2. Effect of Wyeth v. Levine
Lefaivre's principal argument in opposition is that the Supreme Court case of Wyeth v. Levine, 555 U.S. ___, 129 S.Ct. 1187 (2009), decided less than a year ago, effectively abrogates the long-standing precedent against private causes of action under the FDCA. Specifically, Lefaivre contends that the Supreme Court's rejection in Wyeth of per se conflict preemption of state lawsuits brought against drug manufacturers is an implicit authorization of private causes of action to enforce the FDCA. This Court disagrees.
In Wyeth, a patient brought an action in state court against the manufacturer of a nausea medication alleging that the drug manufacturer failed to include a warning advising medical staff against administering the drug directly into a patient's vein. The drug manufacturer argued that federal law preempted the state lawsuit on the ground that the FDA is the sole entity entrusted to regulate labeling for prescription drugs, and to allow state law claims that hold manufacturers liable for inadequate labels would contravene Congress's purpose in establishing the FDA. 129 S.Ct. at 1199. In its analysis, the Court first noted that Congressional intent indicates that the FDA has traditionally regarded state law as a "complementary form of drug regulation" that "serve[s] a distinct compensatory function." 129 S.Ct. at 1202. The Court added that Congress's decision not to include an express preemption provision for prescription drugs in the face of such an extensive history of state law litigation over prescription medication "is powerful evidence that Congress did not intend FDA oversight to be the exclusive means of ensuring drug safety and effectiveness." Id. at 1200. Accordingly, the Court held that private state-law tort suits are a permissible avenue for parties injured by prescription medications to pursue. Id. at 1202.
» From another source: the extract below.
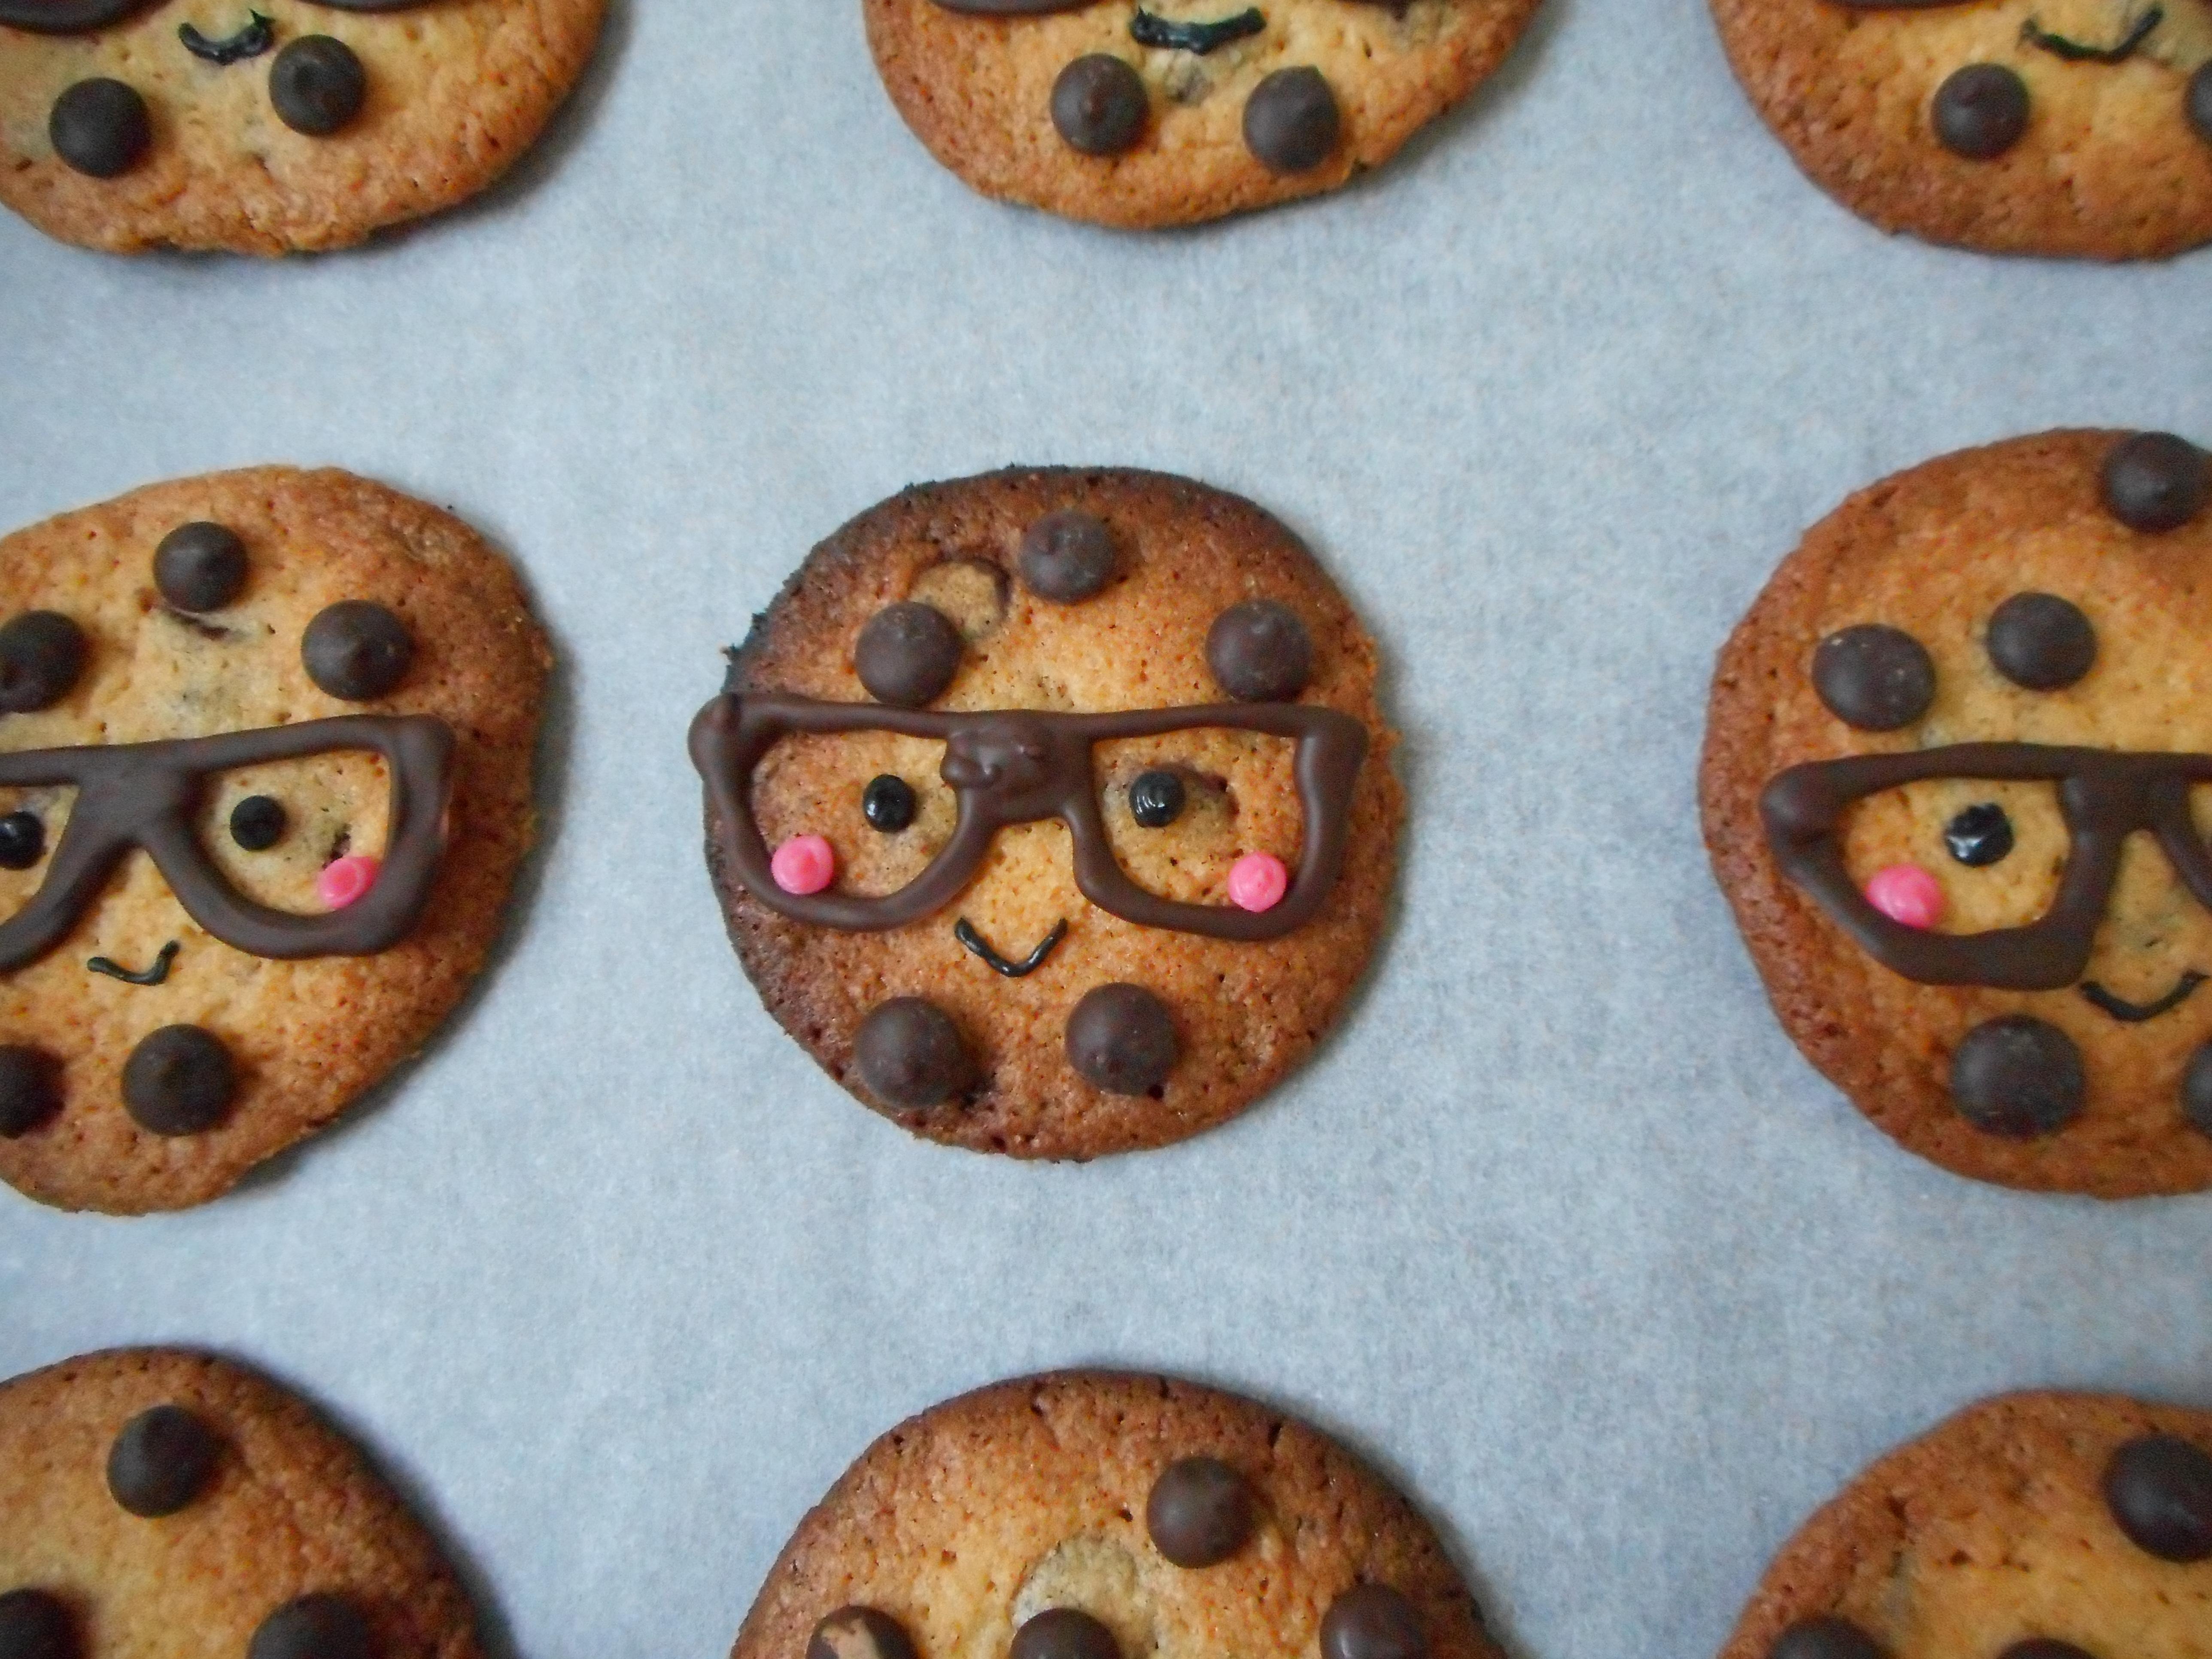 Nerdy Nummies Chocolate Chip Smart Cookies | Sarah's Little Kitchen

This conclusion, however, does not purport to affect the enduring precedent that there is no private stand-alone cause of action for violation of the FDCA. As noted, the case in Wyeth was predicated on a state law theory of liability for failure to warn that was wholly independent of the FDCA. In contrast, Lefaivre's claim here is based solely on the FDCA itself. Consistent withBuckman, Wyeth should be read only for the proposition that a plaintiff may assert a cause of action against a drug manufacturer if he or she has an independent state-law theory of liability ( i.e., if the cause of action would exist independently of the FDCA).
III. Conclusion
Because plaintiff Lefaivre's state law claims are based entirely on violations of FDCA regulations, and because enforcement of the FDCA is solely the province of the federal government, the claims are preempted and plaintiff has failed to state a cause of action. Accordingly, the case shall be dismissed.